荒大谬 · 言情小说 · 340 KB · 2024-11-18 19:33:07

第85章 承诺有承诺的意义

  之后顾西穗才知道,那年四月也是姚梦玲最丧的时候。她把她跟姚梦玲的对话讲给了权西森,权西森才说:“梦玲要裁员了。”

  顾西穗一怔。

  偌大的别墅里只剩下他们两个人,她刚洗完澡出来,还在擦着头发,听到“裁员”两个字,手上的动作就停了下来。

  她在床边坐下,权西森起身,自然而然地拿起毛巾,动作很轻地擦着她的头发。

  那是很温馨的一幕,她穿着他的T恤坐在床边,他则盘腿在她身后。一幢旧得恰到好处的房子,有风的夜晚,也没开空调,而是点了蚊香,开了窗,花园里传来植物的香气。

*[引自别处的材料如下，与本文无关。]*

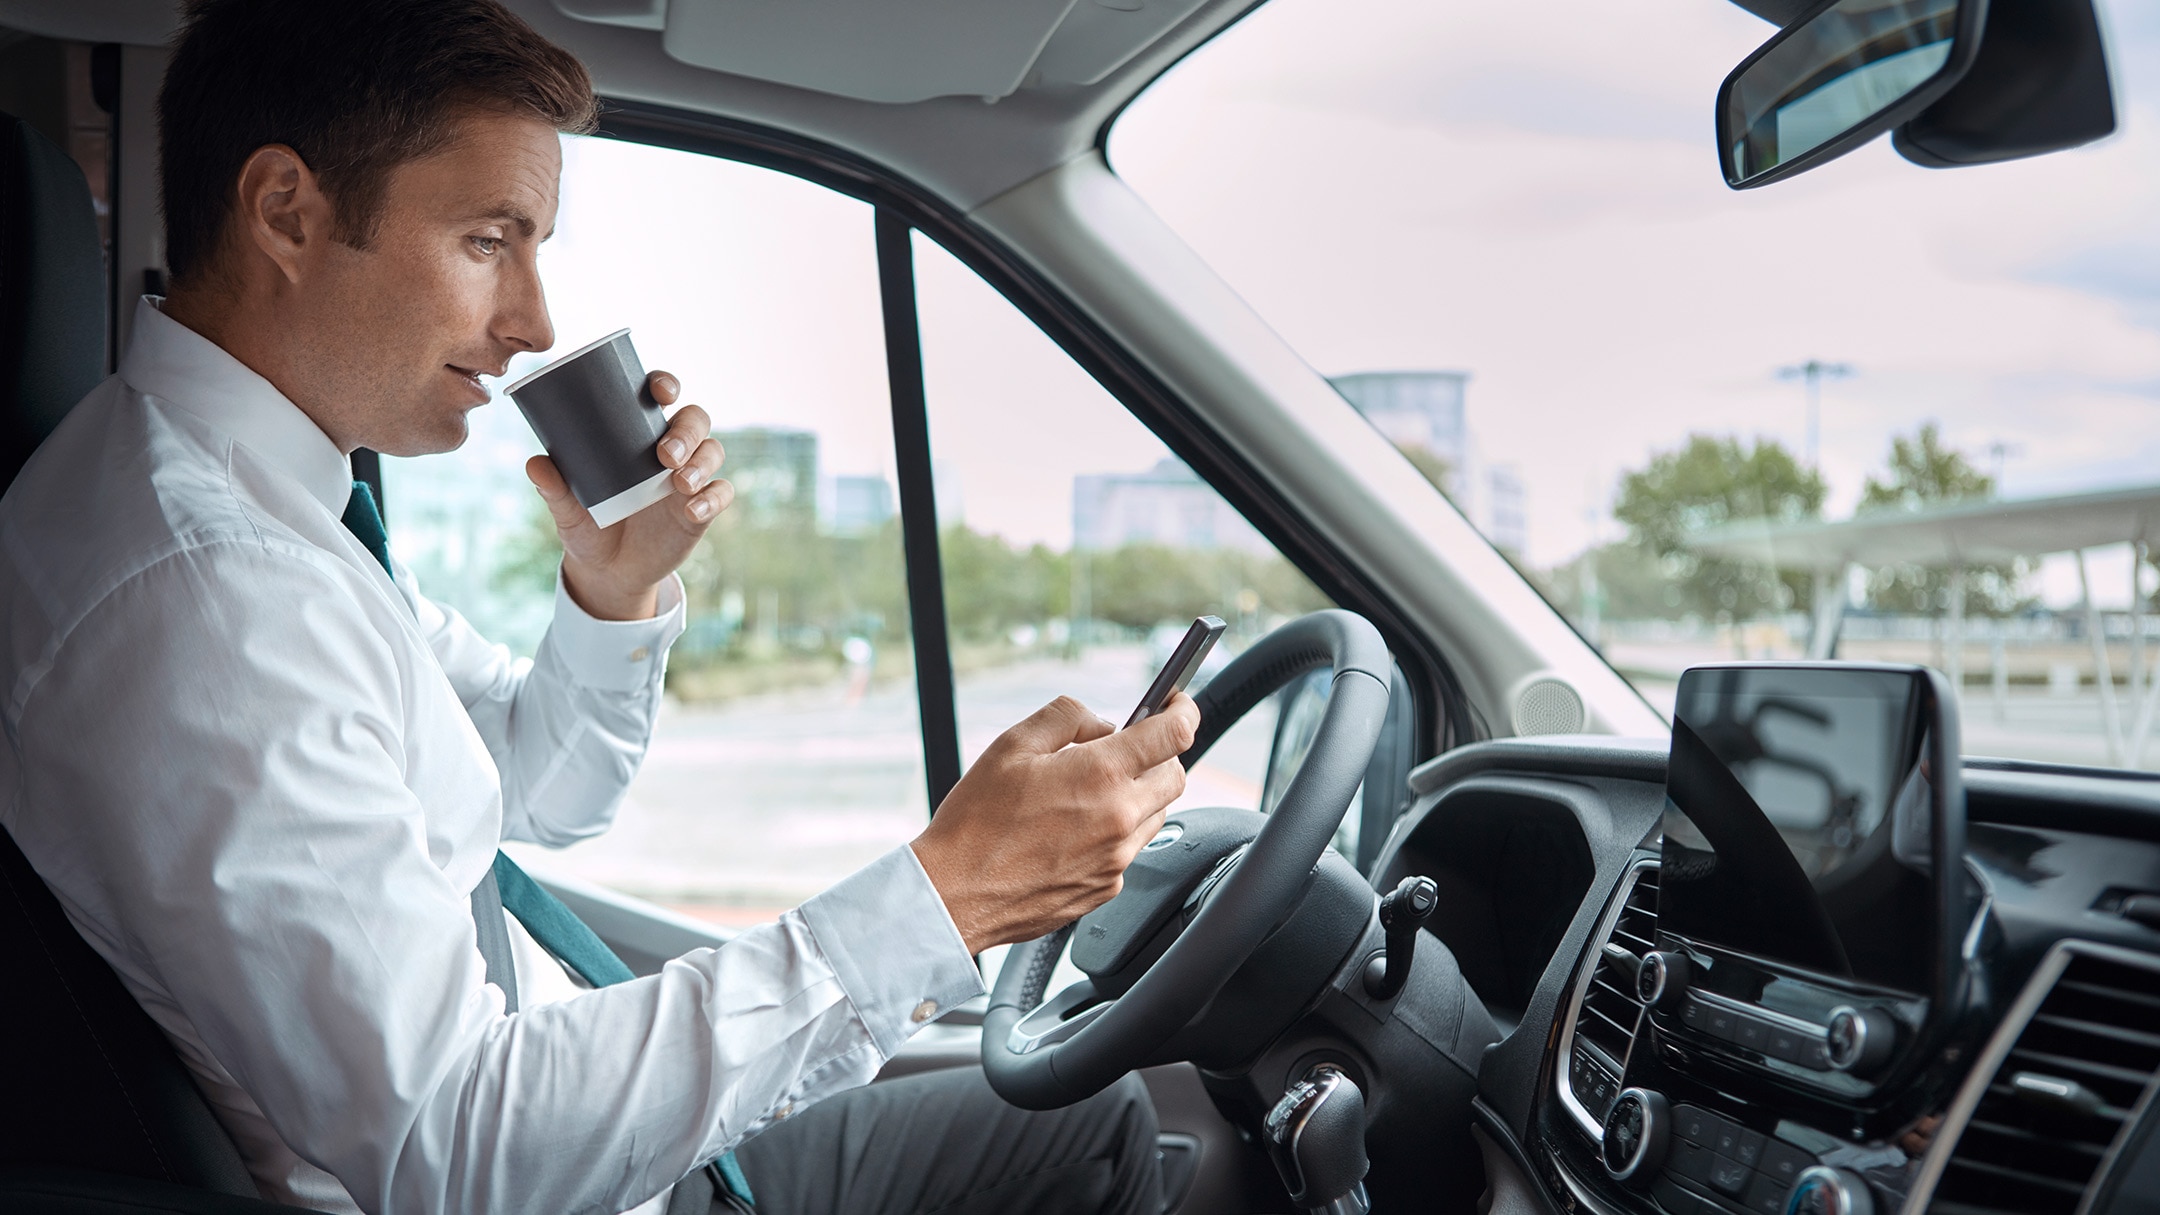 Driver sitting behind driving wheel drinking coffee

  权西森的房间就是普普通通的男人的房间,对于豪宅,顾西穗只有一个要求:只要没有金灿灿的欧式家具或沉甸甸的红木就都是好装修。这里比起他在广州那幢房子,是不够现代的,但多了些少年时代的居住风格:篮球、滑板、电竞椅、手办……

  这让顾西穗有种微妙地背着父母在早恋的感觉。

  只不过,他们聊的话题却是所有成年人都关心的话题:事业、经济、政策。

  “市场已经饱和了,梦玲的业绩在下降,政府又下达了招收应届生的指标,不裁员是不行的。”

  顾西穗一呆,回头问:“制造业也有这个指标?”

  她知道最近几年为了保就业率,所有略有规模的公司都收到过类似的任务。一个中高层的薪酬,可以给至少两至三个应届生腾出位置。

  “她有几个项目属于高新产业。”

  顾西穗甩了甩半干未干的头发,关了顶灯,上了床,说:“难怪姚总突然提起当年。”

  “梦玲有20%的员工都是跟着姚总从创业开始一路过来的,如果不是没办法,她永远也不会裁掉他们的。”权西森说:“不过……”

  他声音低微,却多了些沉稳,好像整个人都变了。

  顾西穗再次一呆,在他旁边躺下,又问:“那红泥呢?”

  结果他顿了一下,说:“真是从一个糟糕的话题转到一个更糟糕的话题。”

  顾西穗又笑,道:“可能这年头已经没有不糟糕的话题了。”

  她等着他开口,他却只是翻了个身,侧身望了她一会儿,接着吻她。

  顾西穗还在心里暗叫:空调啊空调!

  最终所有的情侣都将变成糊弄学大师,虽说许久不见,必然是有欲有念,但脑海里还是忍不住划过一串又一串的弹幕:白洗澡了嘤嘤嘤;几点了?明天还要早起呢;妈耶,这可是姚总家诶!他有没有带别的女生在这张床上睡过觉?啧……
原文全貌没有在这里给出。